シェアハウスというと、居住費を抑えたい若者向けのイメージが強いのではないだろうか。しかし、シェアハウス総合プラットフォーム「ひつじ不動産」を運営する株式会社ひつじインキュベーション・スクエアによると、近年、シェアハウスへの問い合わせが増えている中で最も多いのが、20代後半から30代前半の大人の女性利用者だという。(2017年3月調査より)

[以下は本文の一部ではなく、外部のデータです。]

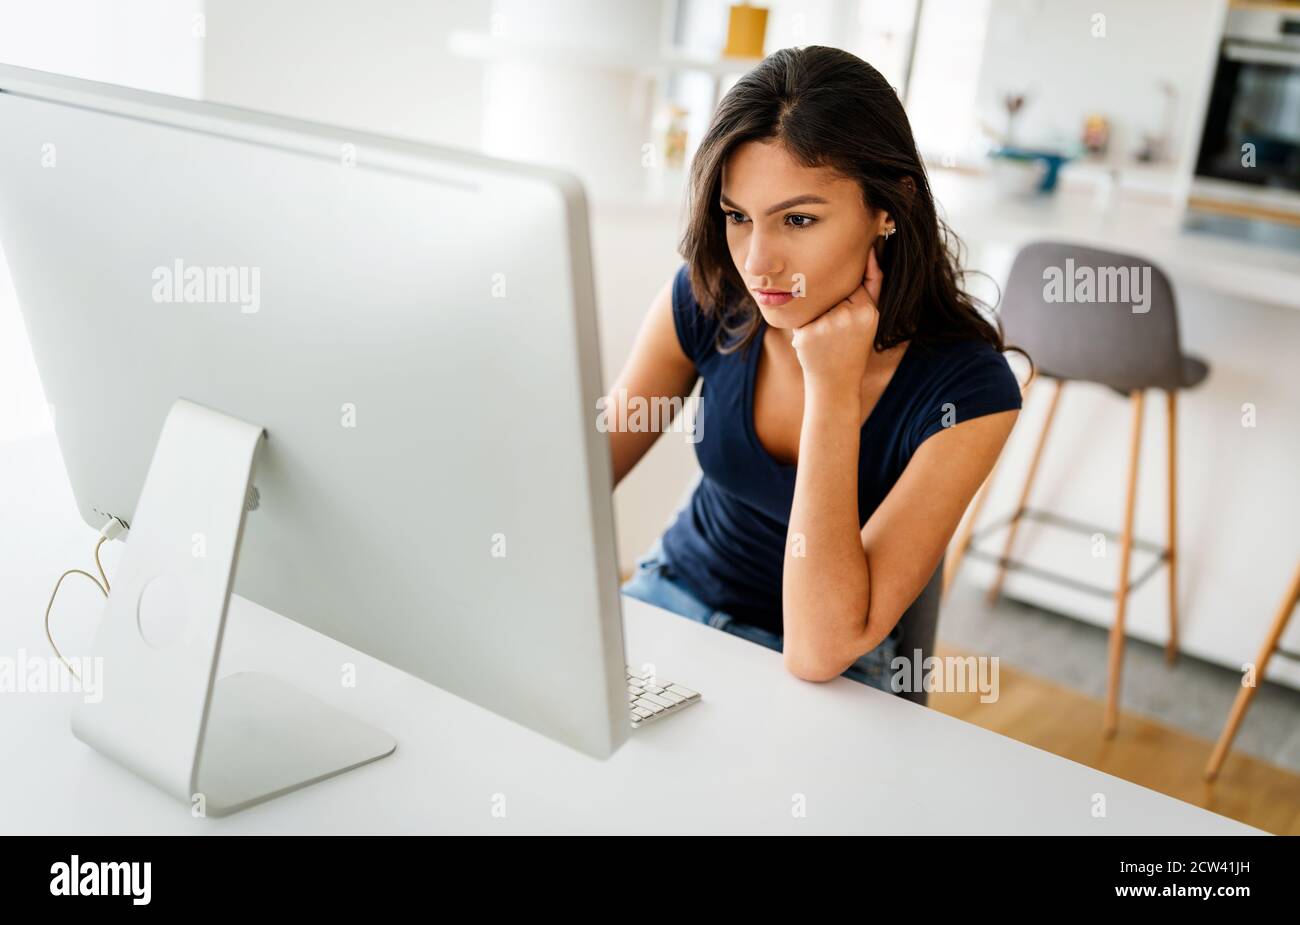 Belle jeune femme travaillant sur ordinateur. Technologie, personnes, travail, concept d'étude Banque D'Images

実際に、大人の女性の間でニーズは高まってきているのだろうか。また「大人の女性向け」としてシェアハウスを運営する際、オーナーとして心がけるべき点は何なのか。

多くの大人の女性たちに支持されるシェアハウスの企画・管理・運営を行うRバンクの金子智美さんに話を聞いた。

働く女性たちの選択肢のひとつになったシェアハウス

不動産業のRバンクは創業2年目の2008年にシェアハウス事業を開始。当時、巷ではシェアハウスではなく、ひと部屋にたくさんのベッドが並ぶゲストハウスが主流だった。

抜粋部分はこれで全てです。